The virus spread and spread, and soon hundreds of squirrels traveled in a pack.  They were especially on the lookout for humans carrying groceries from cars into houses.

None suspected a giant mass of angry squirrels to attack.  Except the kid who lost the cell phone, he suspected.  Assuming he survived and hadn’t bled out.

A lot of the squirrels got into lifting rocks and other squirrels to add mass.  So now it’s hundreds of angry, hulked out squirrels who have access to the internet.

Luckily the battery died on the phone as they looked up a recipe to make gunpowder.

It was time to step up their game.

Six of the squirrels heaved a giant rock at a window to a human house.  They raided the pantry for nuts and snacks, mostly raisins and applesauce, a little trail mix.  Plus, a glorious charger for the phone they possessed.

Exterior power outlets existed on almost every house.  So soon enough they had the mighty Google again.

The virus they carried spread like pure wildfire.

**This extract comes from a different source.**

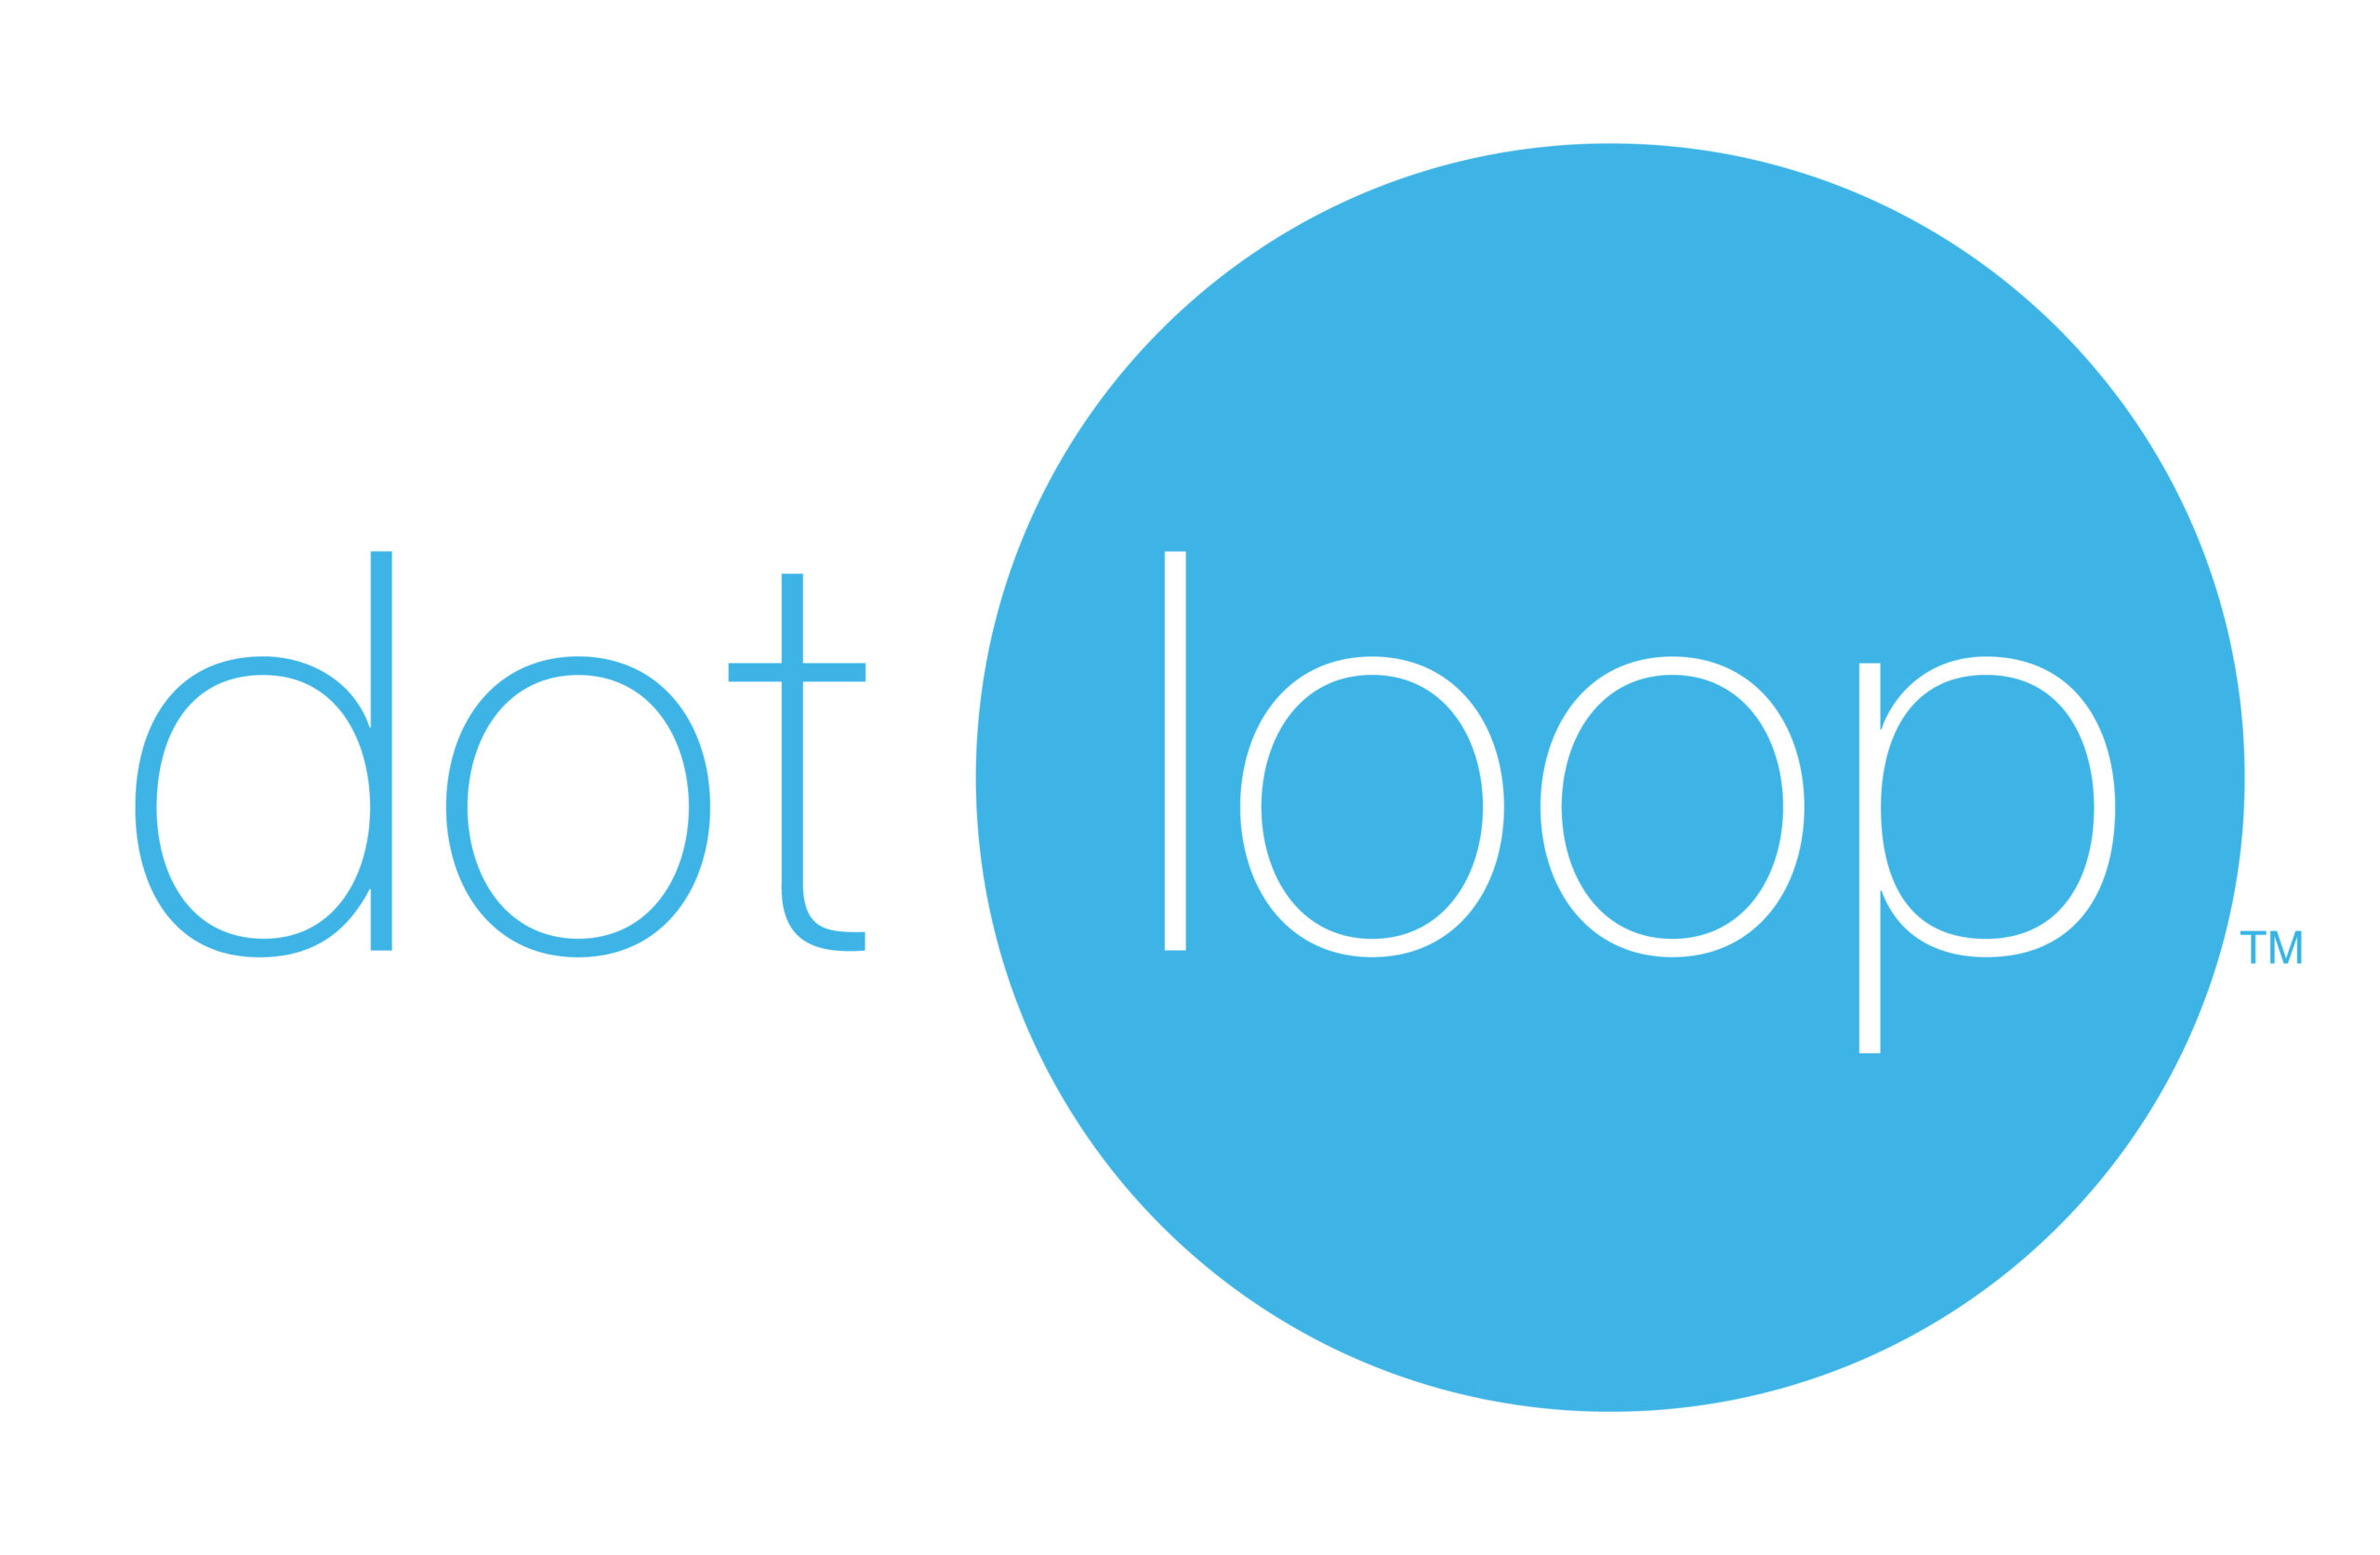 dotloop_logo
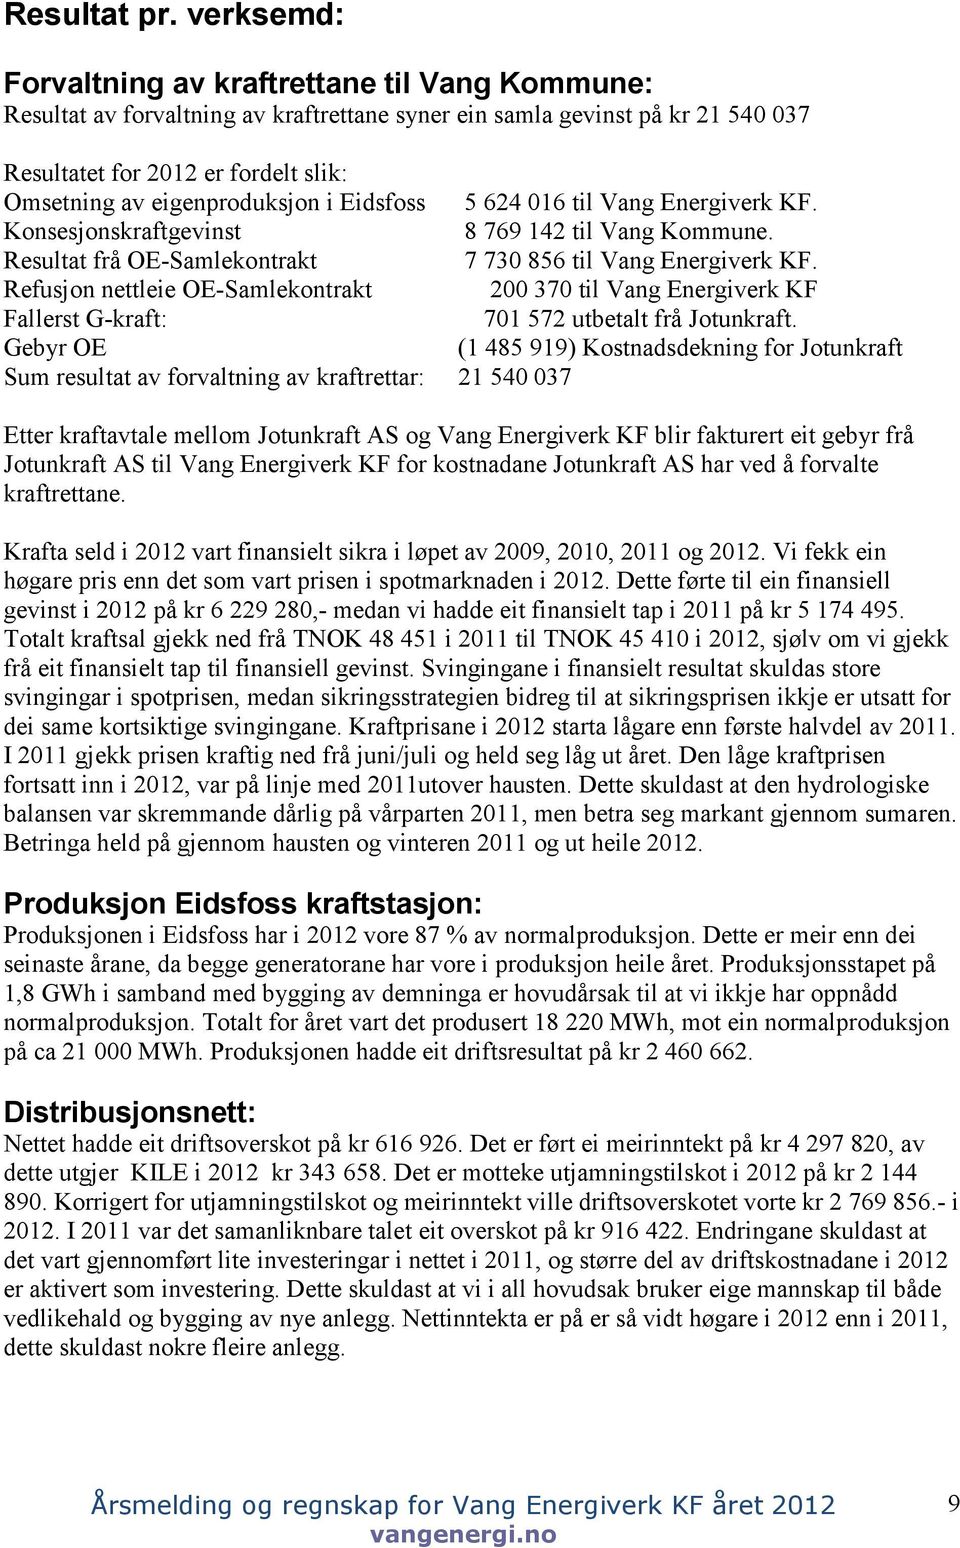 eigenproduksjon i Eidsfoss 5 624 016 til Vang Energiverk KF. Konsesjonskraftgevinst 8 769 142 til Vang Kommune. Resultat frå OE-Samlekontrakt 7 730 856 til Vang Energiverk KF.

With Fred at the lead, they killed their first human for food.  A little old lady, but they needed protein what with all the lifting they were addicted to.  It took hundreds of bites to finish her off, but humans were the oppressor.

Fred oversaw the process of making their first long rifle.  They skipped muskets in the evolutionary chain of gunpowder.  The projectiles were too tiny to make it very far against wind resistance.

So, they made the device bigger and bigger.  Only the hulkiest squirrels could fire one, but the projectile traveled straight and true.

After months of engineering and painstaking work, they essentially realized they’d produced a 380 auto, only in single shot.

Full scale war against the oppressive humans raged on almost every continent on Earth.  But it wasn’t just about the oppression, of which there were a million units, but squirrels found human flesh quite tasty once they’d tried it.